Allphones
- Industry: Telecommunications
- Founded: 1989
- Founder: Brian Werner
- Defunct: 2017
- Website: https://www.allphones.com.au/

= Allphones =

Australian telecommunications retailer

Allphones was an Australian telecommunications retailer which specialised in offering a wide range of mobile and broadband related services across a range of carriers. The Allphones name is now only used for an online store, which is operated by Australian retailer Mobileciti.

Allphones was started in 1989 with the first store in Mile End, South Australia. The company franchised a further 14 stores in South Australia before it was sold in 2000 by Brian and Helen Werner. There were also some sites in NSW like Westfield Parramatta and sponsored Sydney Super Dome from 1st September 2011 until 11 April 2016.

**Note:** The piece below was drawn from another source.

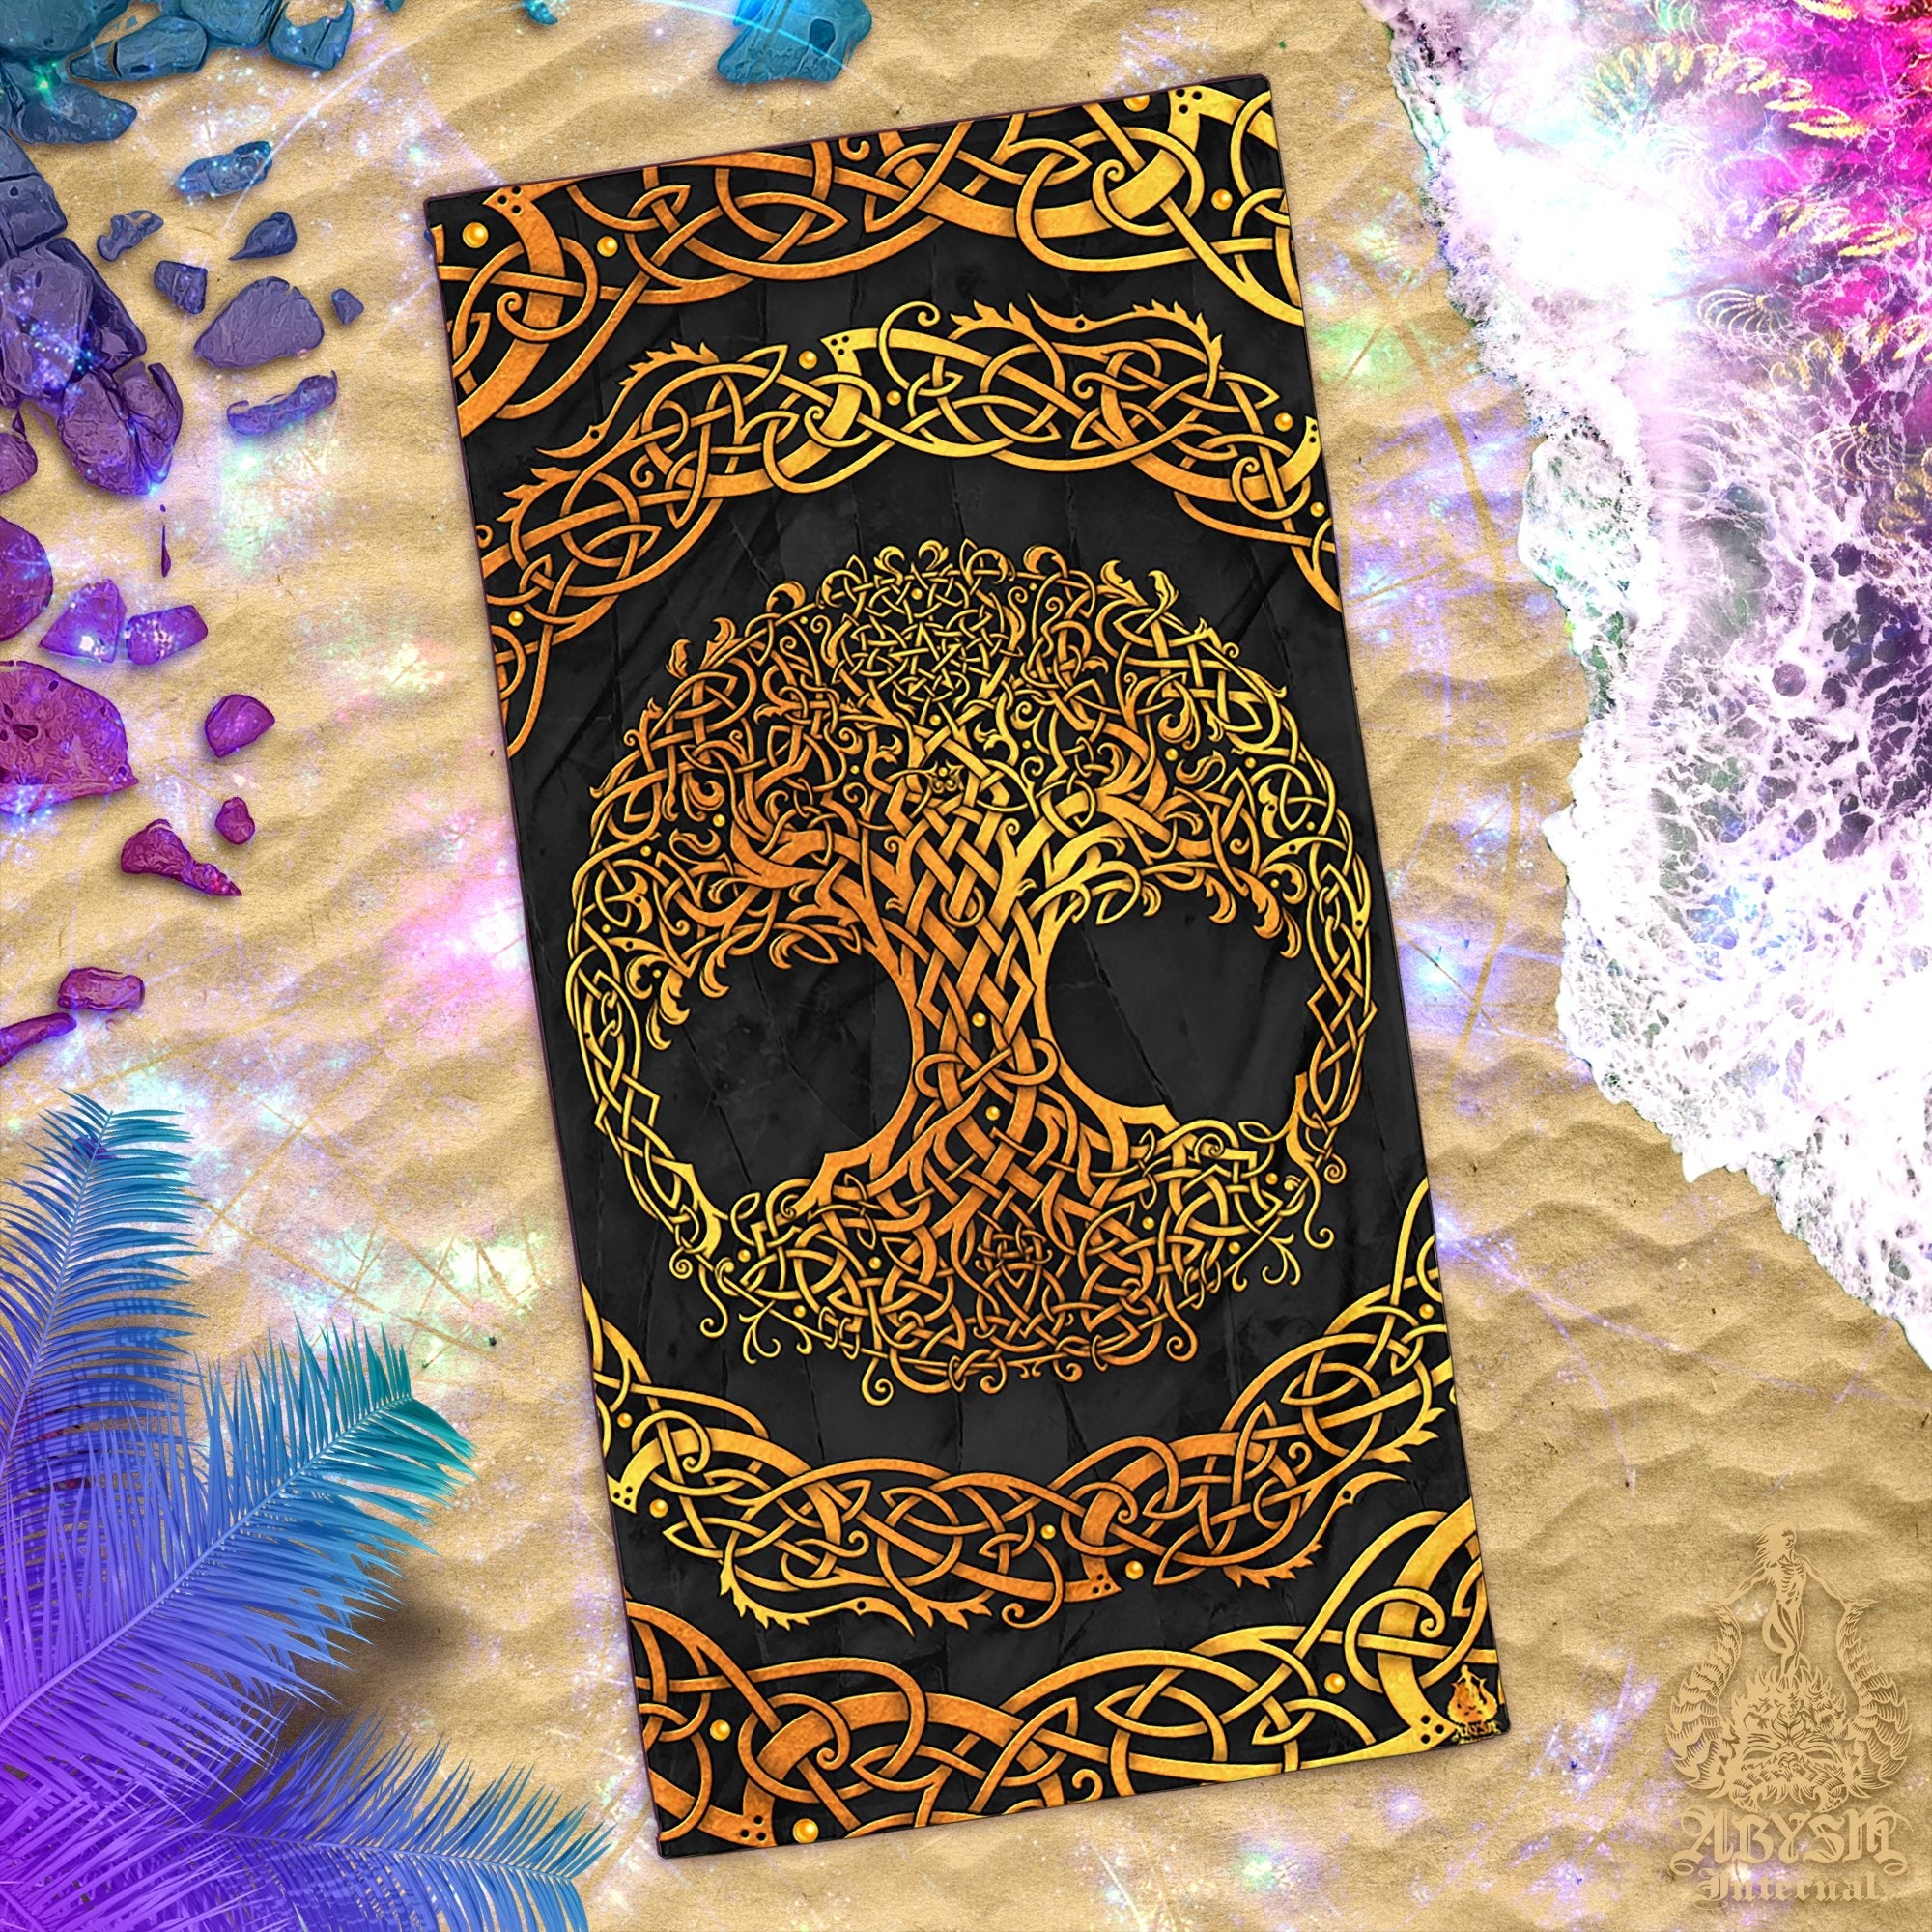 ALL Tree of Life Beach Towel Designs, Celtic Knots, Witch and Pagan Art - Cyan Blue & Gold, Cream, White, Psy, 12 Colors - Abysm Internal

After the expulsion of its Virgin Mobile franchisee by litigant and franchisor Optus, ensuing massive losses, and pulling of funding by shareholder Skidmore in a short-lived fruitless turnaround, Allphones entered voluntary administration in February 2017, leading to the closure of 34 stores. Fortunately Skidmore filed for 6 deeds of company arrangement, and injected $23 million into the company to keep it afloat in the meantime or to pay entitlements to licensees and 446 employees, and allowed for the franchises to be taken to 'new operators', avoiding the liquidation of Allphones affecting the entire company and maximising the return for stakeholders and creditors.

The name Allphones still exists as an online megastore addressed to a post office in Westfield Parramatta.